# Oil Pan



## SteveR (Sep 24, 2003)

Does 2K labor sound crazy for labor to change the oil pan on an 01 F250 7.3??He says the motor has to come out.


----------



## Drakeslayer (Feb 11, 2011)

I think he is right, I used to have a 99 and had the pan done and the motor had to come out on that.


----------



## rywnygc (Feb 20, 2010)

my material guy had it done last season and it was almost 5500


----------



## goel (Nov 23, 2010)

SteveR;1288046 said:


> Does 2K labor sound crazy for labor to change the oil pan on an 01 F250 7.3??He says the motor has to come out.


Definately higher than what I just paid for my 00 350 7.3 a couple months ago - but I have a really great mechanic (no he did not cut/weld or bolt the frame). Yanked it out, new pan, dip stick, couple hidden bolts that were making her tick but easily replaced with the motor out.

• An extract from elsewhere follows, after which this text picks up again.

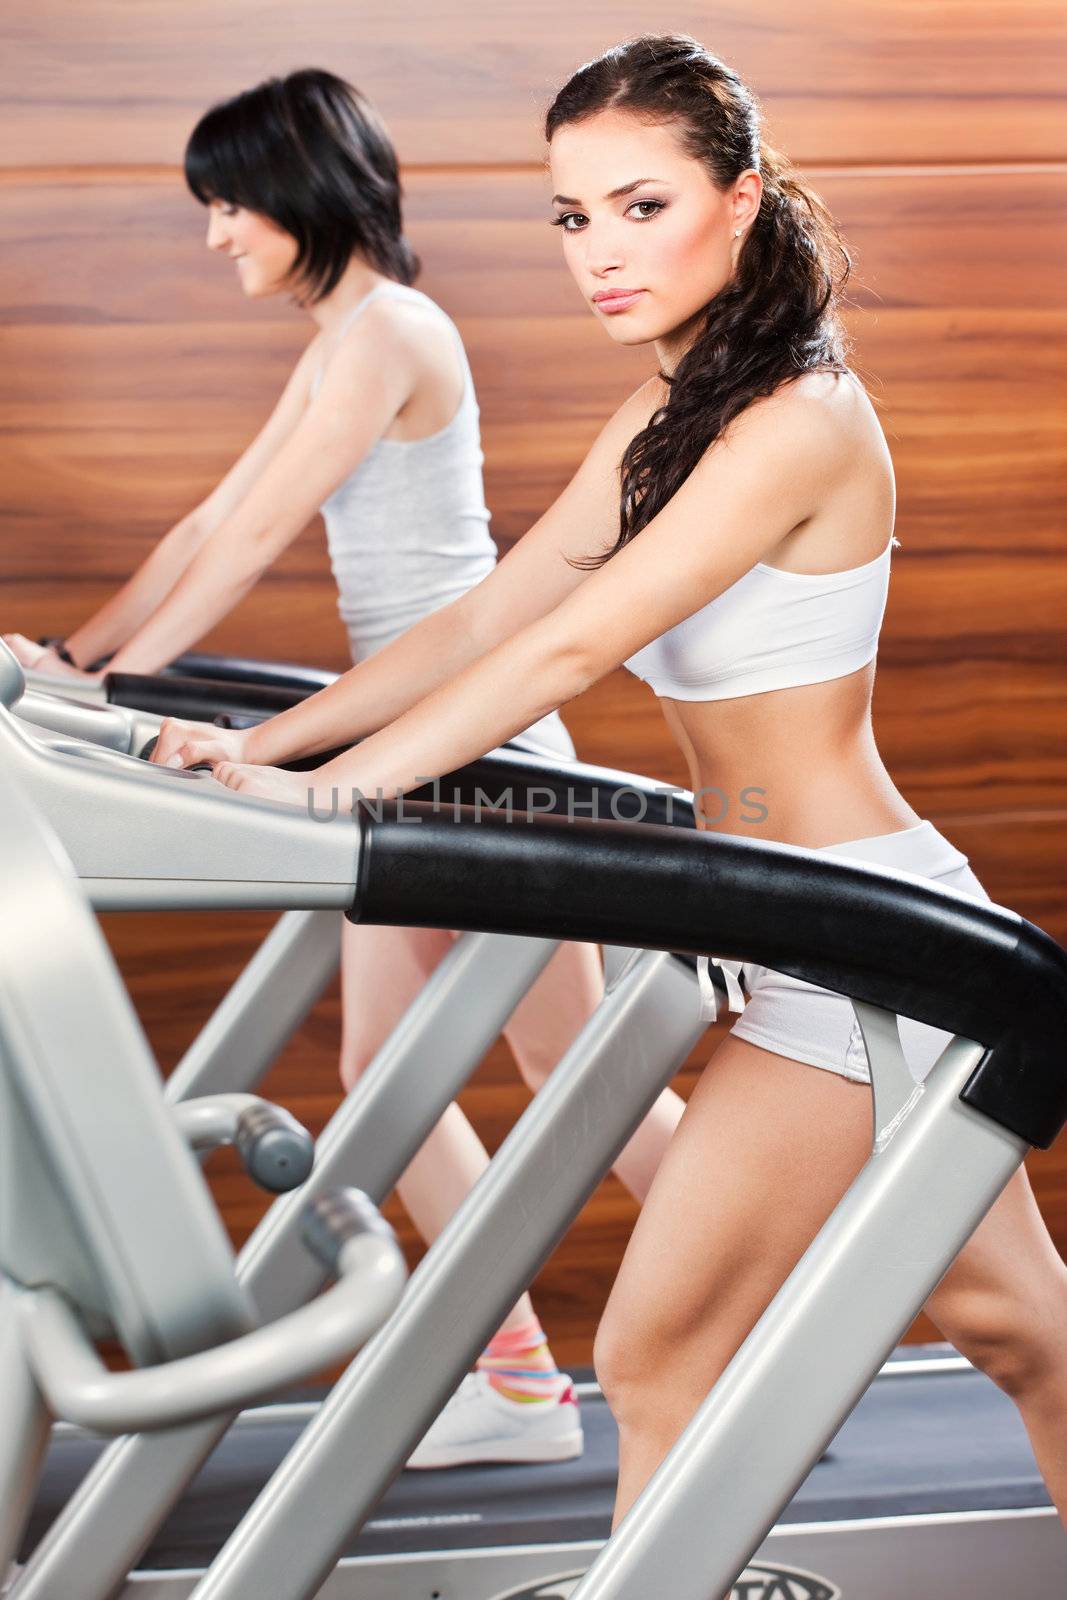 Women doing exercise in gym center

Most of the front end was replaced on the same bill and if I remember correctly the total, taxes in was around $3500


----------



## 2COR517 (Oct 23, 2008)

Should be able to find someone that can do it in less than 8 hours. Just have to hunt around.


----------



## dellwas (Oct 16, 2005)

There are several threads on here regarding the Ford oilpans and I've posted in some of them. There are several solultions to the leaking oilpan, and you've found the most expensive. Mine was leaking quite badly and I JB welded it 3 years ago and it's still holding. Damien who is on this forum produces a custom shell that is bonded to the oilpan, and he sells it, as well as installs it should you wish to get him to do it. Another option is to cut the cross member and either bolt it back in place, or weld it back on when the repair is done. I posted a link to one of the Ford truck forums with detailed pictures on the cross member method. Do a search here on "ford oilpan" and you should be able to find these threads.


----------



## damian (Jan 29, 2009)

steve,go to youtube,search 7.3 rusted oil pan and view the 2 videos,call me if you need me ,508-588-5970,damian


----------



## snowplowpro (Feb 7, 2006)

do you have pan fixes for the 5.8 liter


----------



## bluerage94 (Dec 24, 2004)

It's a common problem on the 7.3...I was lucky to have had them warranty the repair on my excursion otherwise it would have been a few grand. Like anything else there's a few ways to go with the repair. Up to you which way to go with it. I like the idea of changing the pan. Especially if you're gonna keep the truck. Pulling that motor out is a pretty big job. The motor sits further back towards the firewall, and has to come forward and up. Good luck...


----------



## 3bladz (Dec 8, 2005)

I fiber glassed mine. I have heard $3000 for a pan swap. What is going to keep the new pan from rusting out?
Line-X? I know there are guys selling shells that get epoxied over top of the old pan. I'd prolly go that route if it's worse than a couple pin holes.


----------



## 3bladz (Dec 8, 2005)

OP; I see you have 4 - 7.3's. Are all the pans flaking and rusting? Have you looked at the brake lines and bed mounts. They seem to go about the same time. I loved my 03 7.3. Still hate that I had to sell it, but the salt was not kind to it even though I did everything I could to prevent rust. I POR'd everything underneath including the oil pan and sprayed underside with fluid film the last 4-5 years. I still have an 02 450 and I'm trying to keep it from rusting too. But it's my salt truck.


----------



## Mark13 (Dec 3, 2006)

This is an old thread and the OP hasn't been around since November 2013. I'm guessing it might take a while for him to answer.


----------